TASK REQUIREMENTS
Please copy the lines below, exactly as they are, from the one with "Berlynn Photography, San" through the one with "chatbot flow in dialogflow", and leave out the pictures.

DATASET RECORDS
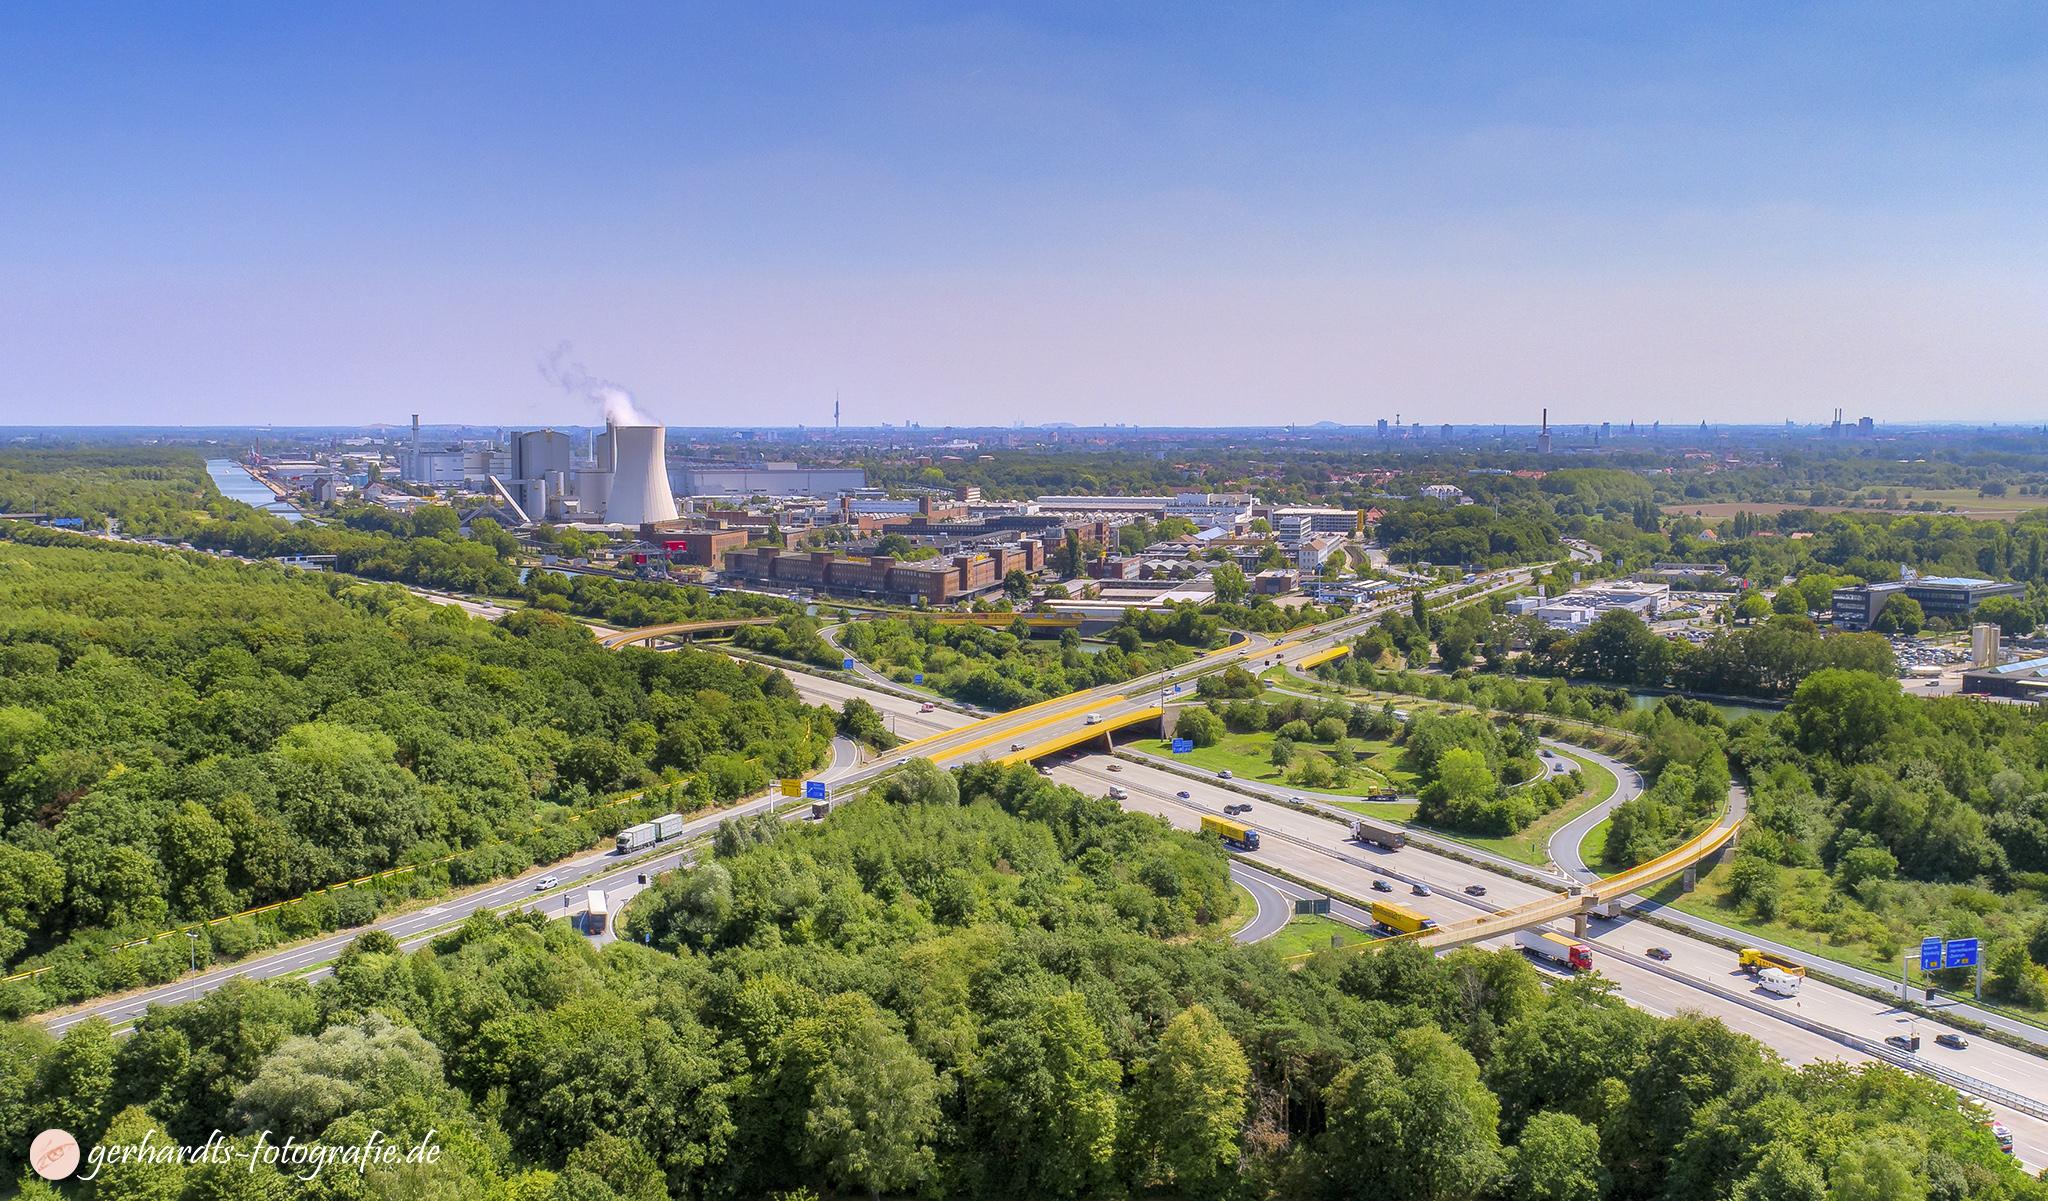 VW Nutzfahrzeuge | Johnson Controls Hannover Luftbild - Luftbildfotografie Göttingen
* * *
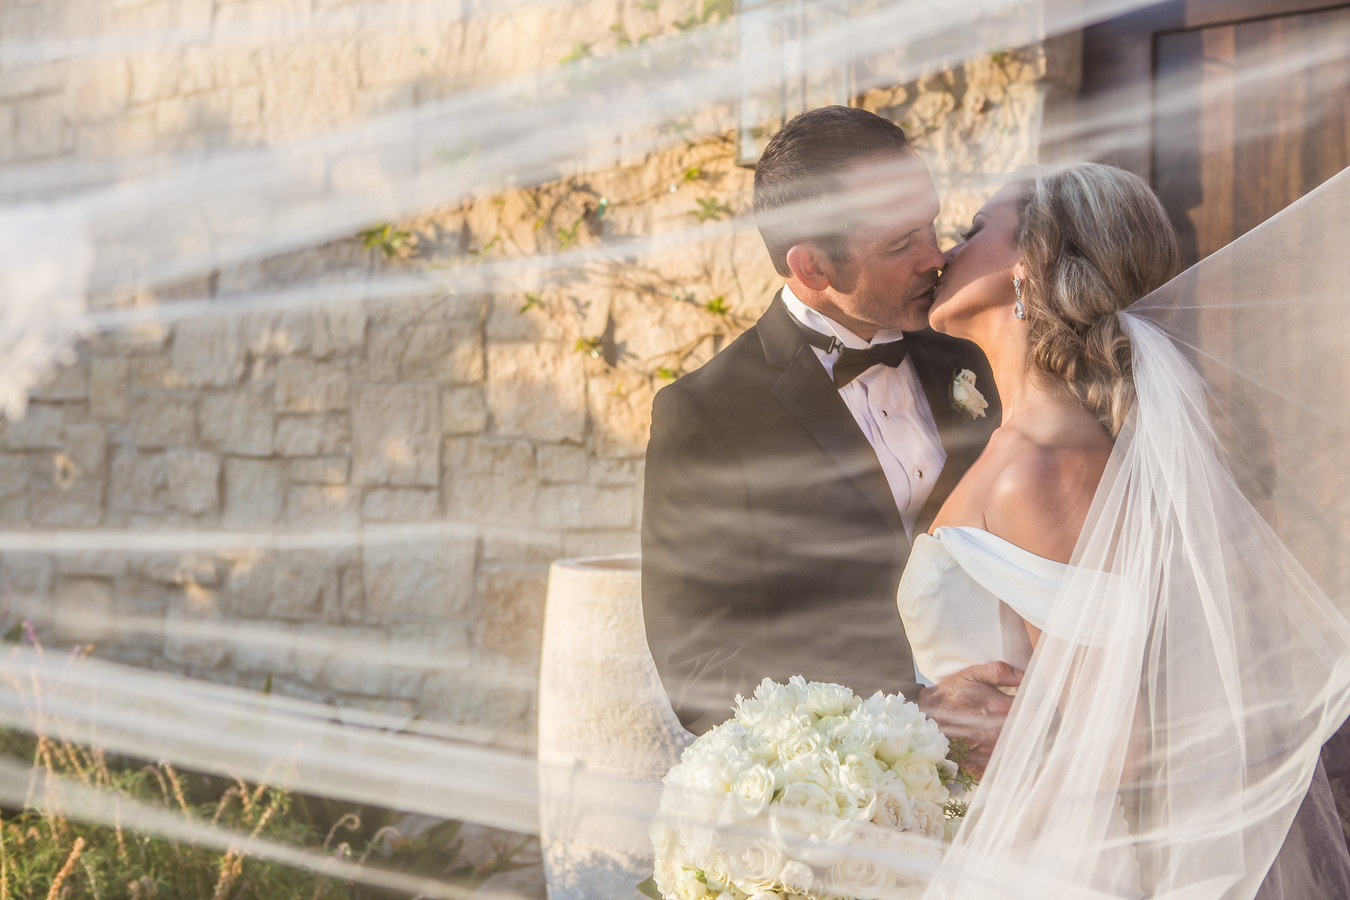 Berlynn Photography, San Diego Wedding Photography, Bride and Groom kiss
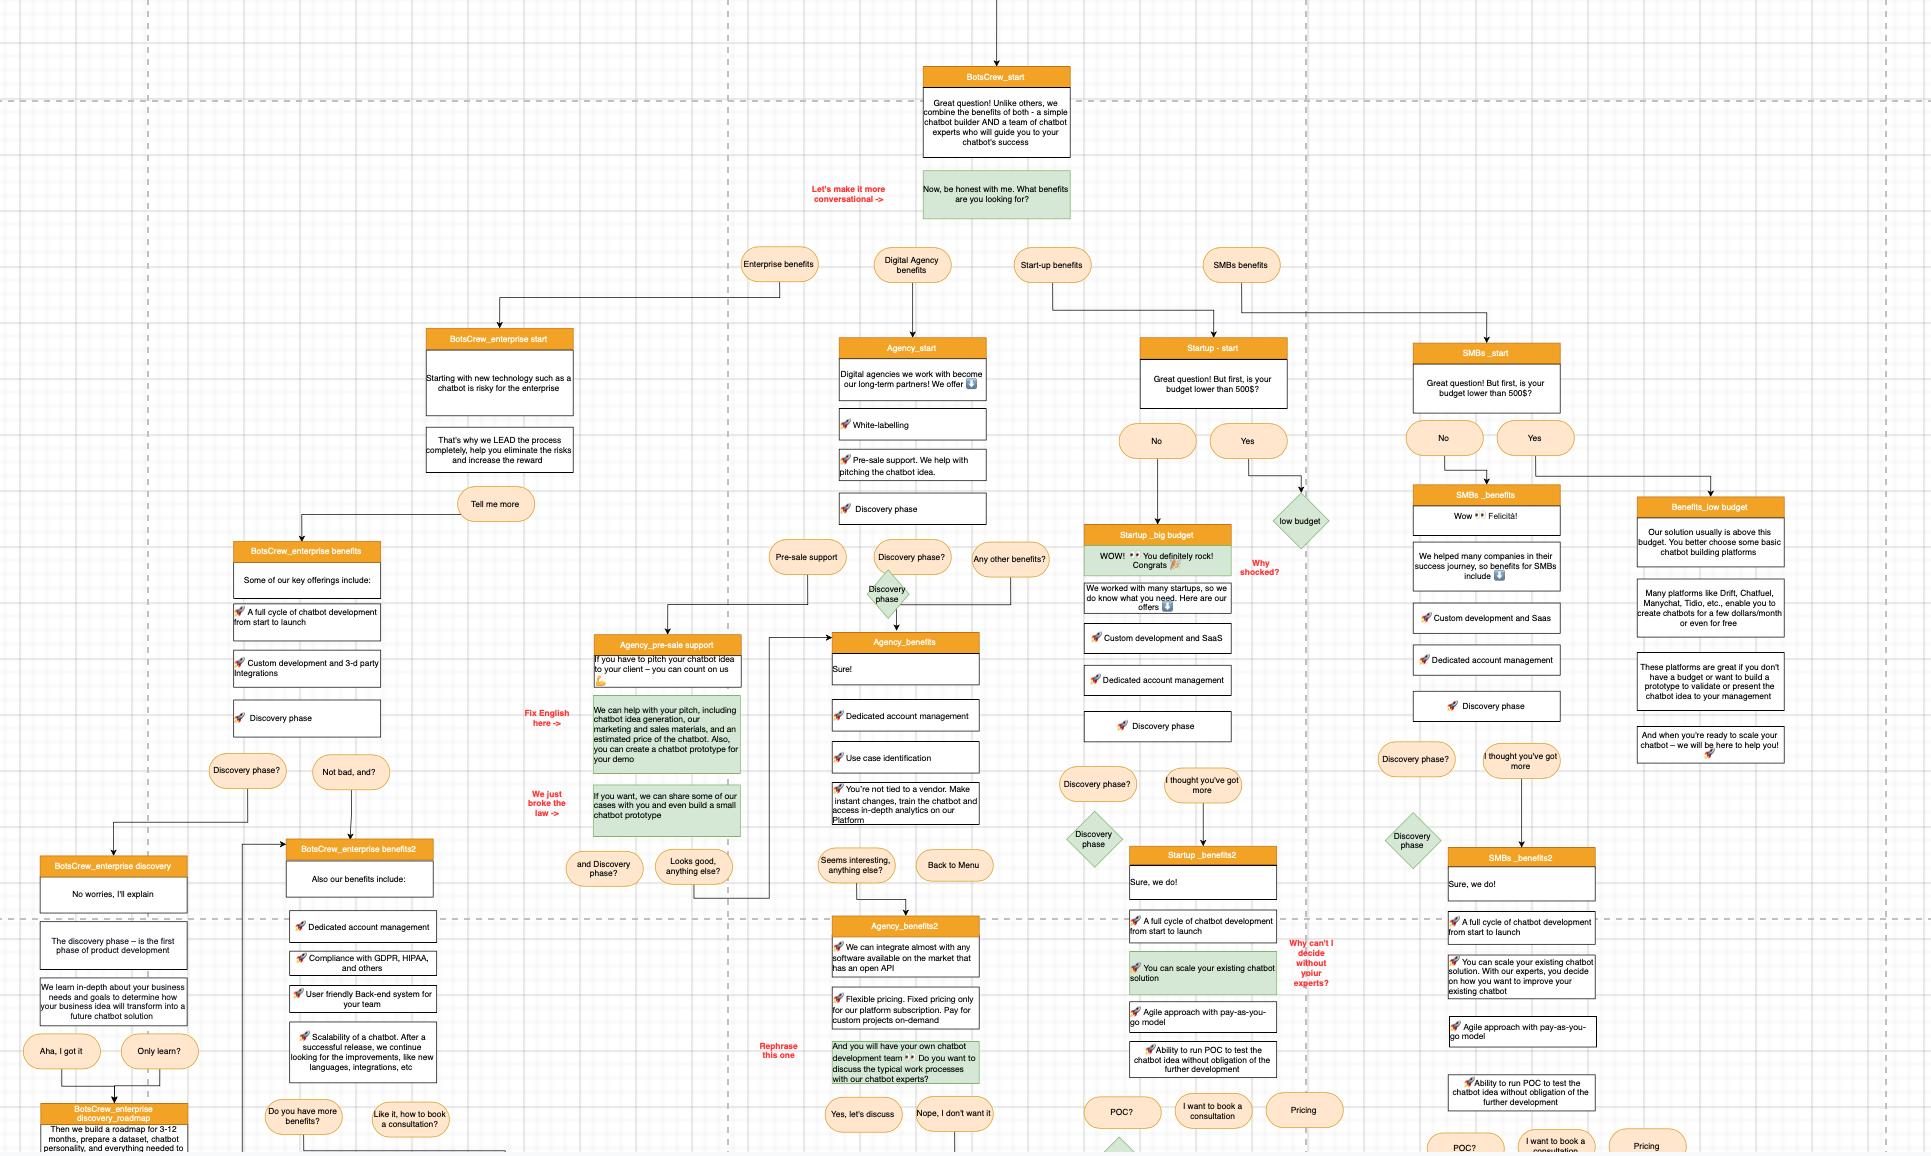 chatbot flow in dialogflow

THE COMPLETED TASK
 Berlynn Photography, San Diego Wedding Photography, Bride and Groom kiss
 chatbot flow in dialogflow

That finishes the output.